On 2022-09-08 04:46, Reindl Harald wrote:
Am 07.09.22 um 17:57 schrieb Tom:
Now I'm confused. I'd like to avoid ping floods if possible
but that makes no sense when doing more harm than good - the knee-jerk reaction kill all icmp is a problem for decades even on IPv4 but will no longer work with IPv6
Who said I wanted to kill all ICMP? Isn't it obvious that I'm trying to write a rule that allows it?
but I can't seem to get the syntax right, so:
enable ping6 rate limiting without crippling icmpv6, please do!
one of the responses contained "Please use 'icmpv6 type { echo-request, echo-reply}'"
Yes I saw that. As I pointed out, I can't get the syntax right which specifies type in a set and also limits rates. That's why I dropped rate limits.
why do you make all that so complicated instead write a simple ratelimit rule for ping apply to everyone and *before* have a set which ACCEPTs a specific list of ip's if that's needed at all
OK, sounds good. Perhaps you're under the mistaken impression I'm a NFT expert. Clearly I'm not. Perhaps you could suggest a resource where I might find examples which solve my problem. Better yet, you could provide a practical example. It would be appreciated.
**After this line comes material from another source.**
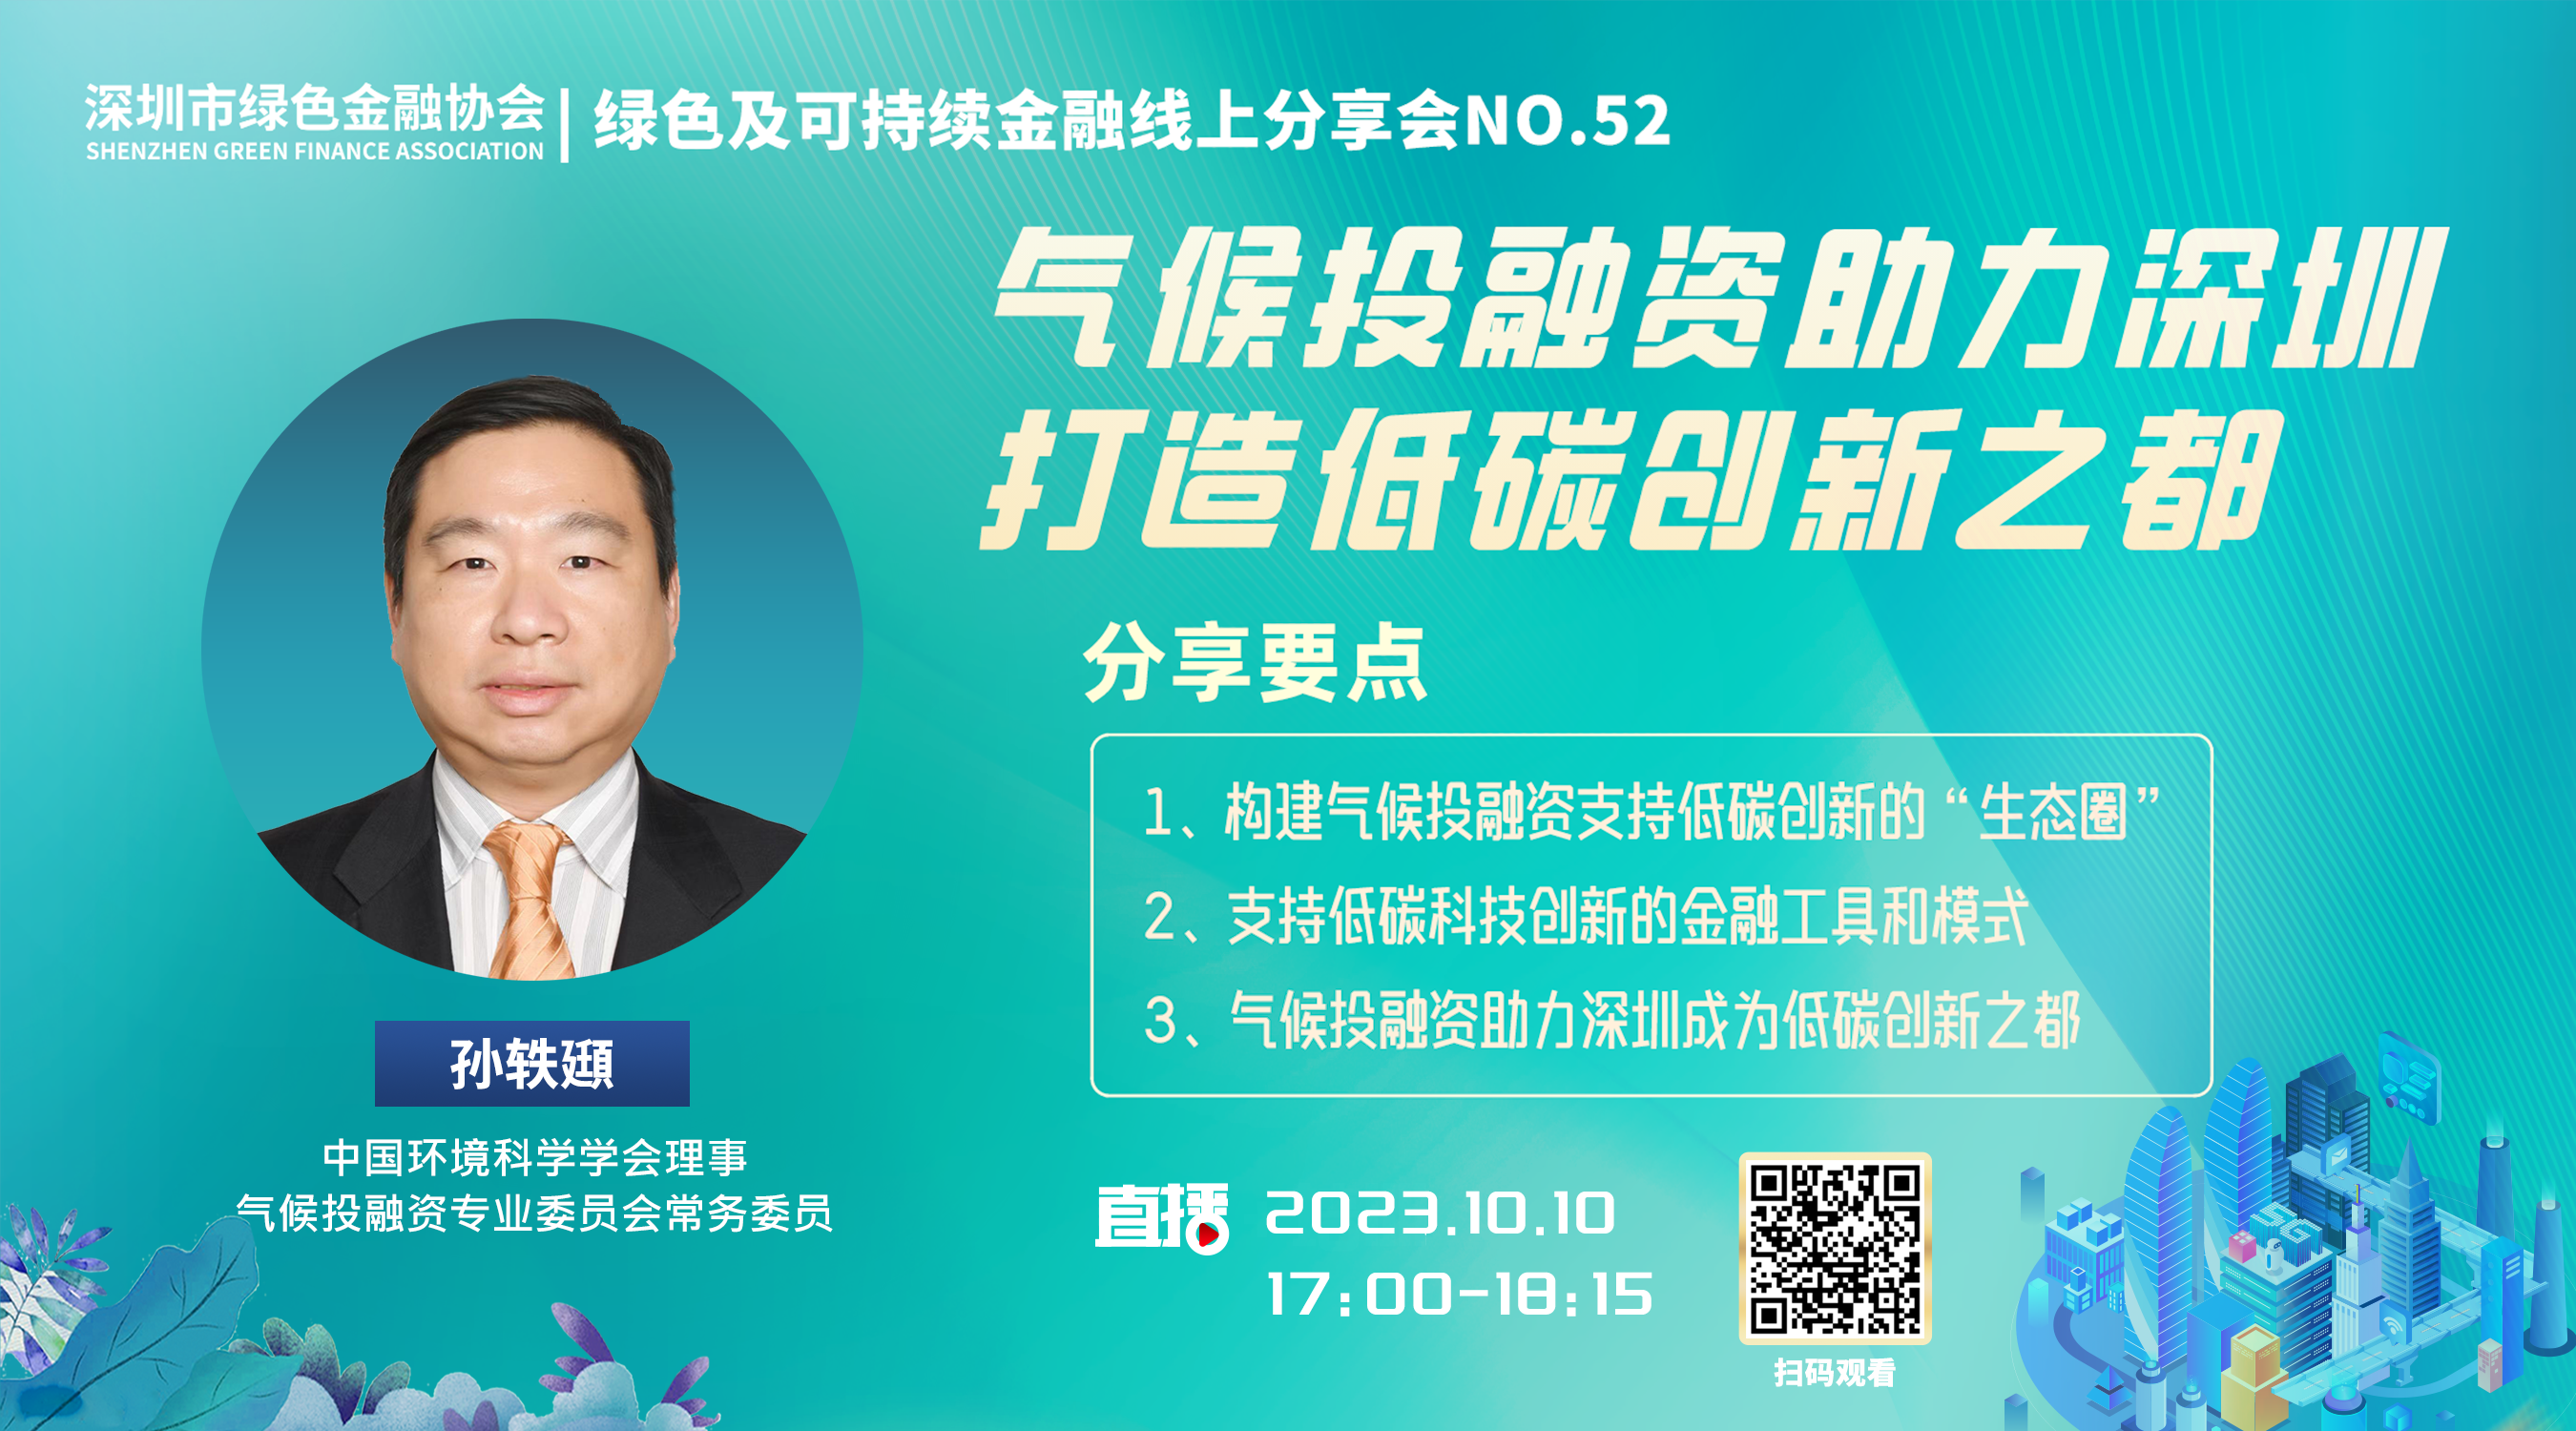 【线上分享会】深圳市绿色金融协会绿色及可持续金融线上分享会NO.52#成功举行

"I'd like to avoid ping floods if possible" don't scale at all with a manually maintained list of source ips and i can't think of anybody with a justification of more than 5 pings per second
Except they're not source IPs, They are destination IPs. The server has multiple IP addresses. I am not limiting which IPs can ping, I'm limiting which of the server IPs they can ping to.